━━━━━ DATA TO PROCESS
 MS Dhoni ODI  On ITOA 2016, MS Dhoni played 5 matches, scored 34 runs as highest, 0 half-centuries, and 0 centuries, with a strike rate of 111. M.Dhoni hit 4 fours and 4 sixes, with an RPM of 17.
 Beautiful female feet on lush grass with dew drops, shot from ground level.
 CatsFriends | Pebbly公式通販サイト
━━━━━━━━━━
━━━━━ DATA TO PROCESS
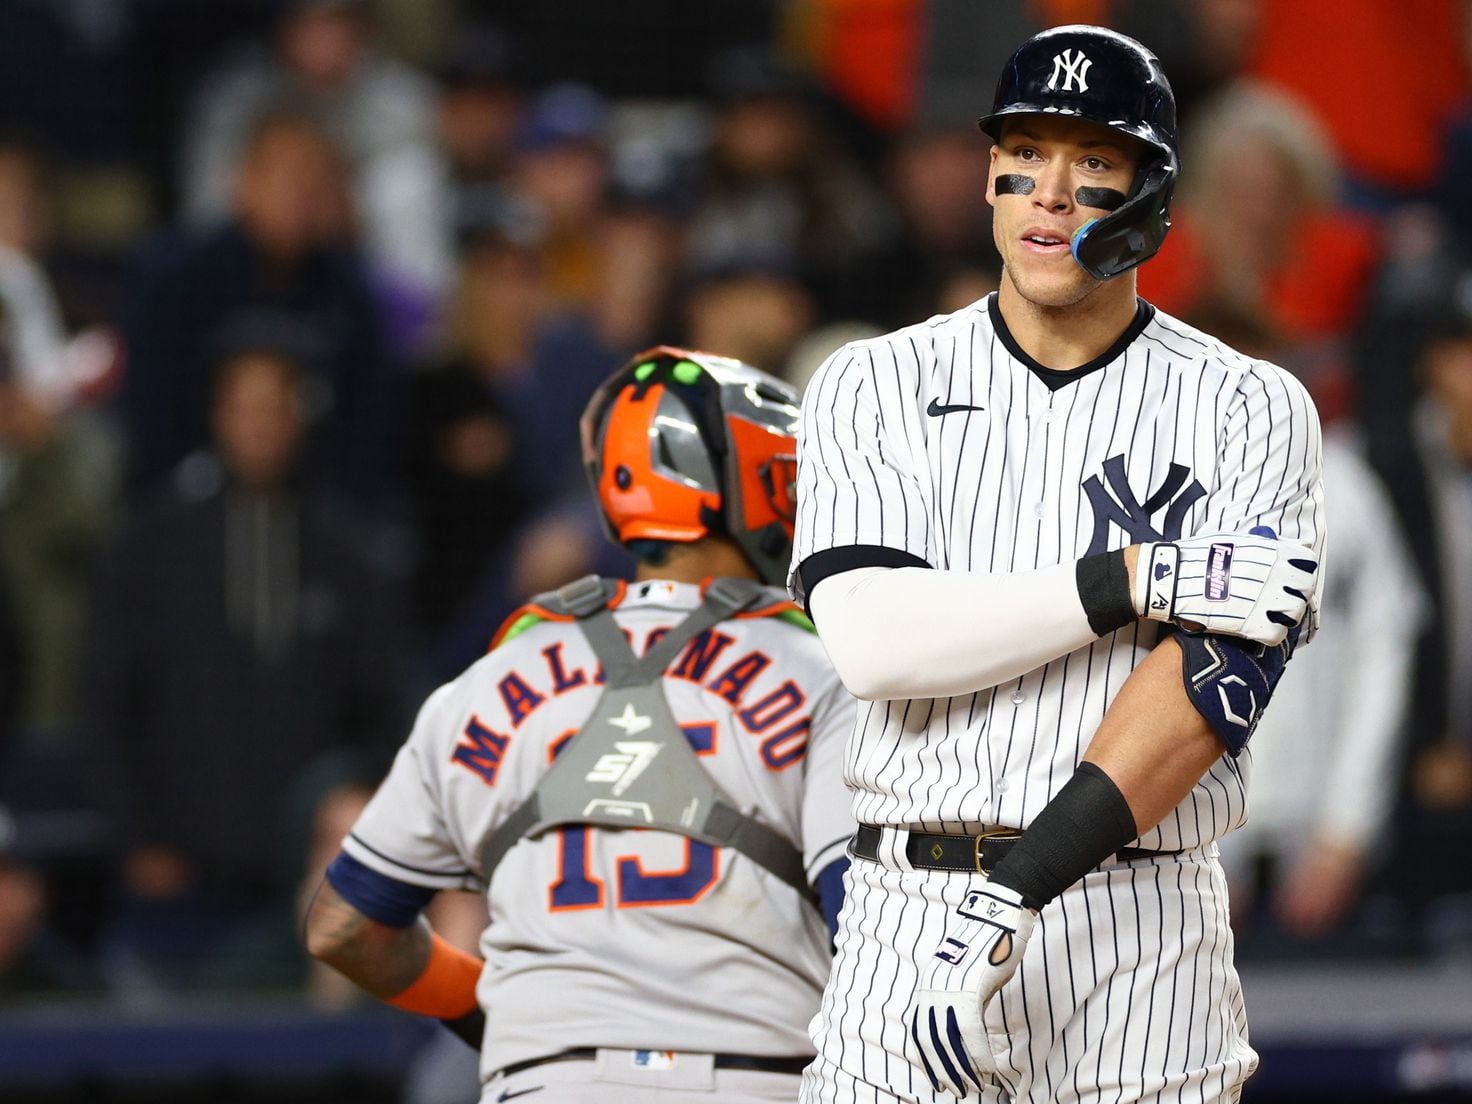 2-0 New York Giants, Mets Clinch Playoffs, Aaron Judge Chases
━━━━━━━━━━
- _TASK DIRECTIONS_:
Among the records, find all lines that include the string "with" and return them.

- _RESPONSE_:
 MS Dhoni ODI  On ITOA 2016, MS Dhoni played 5 matches, scored 34 runs as highest, 0 half-centuries, and 0 centuries, with a strike rate of 111. M.Dhoni hit 4 fours and 4 sixes, with an RPM of 17.
 Beautiful female feet on lush grass with dew drops, shot from ground level.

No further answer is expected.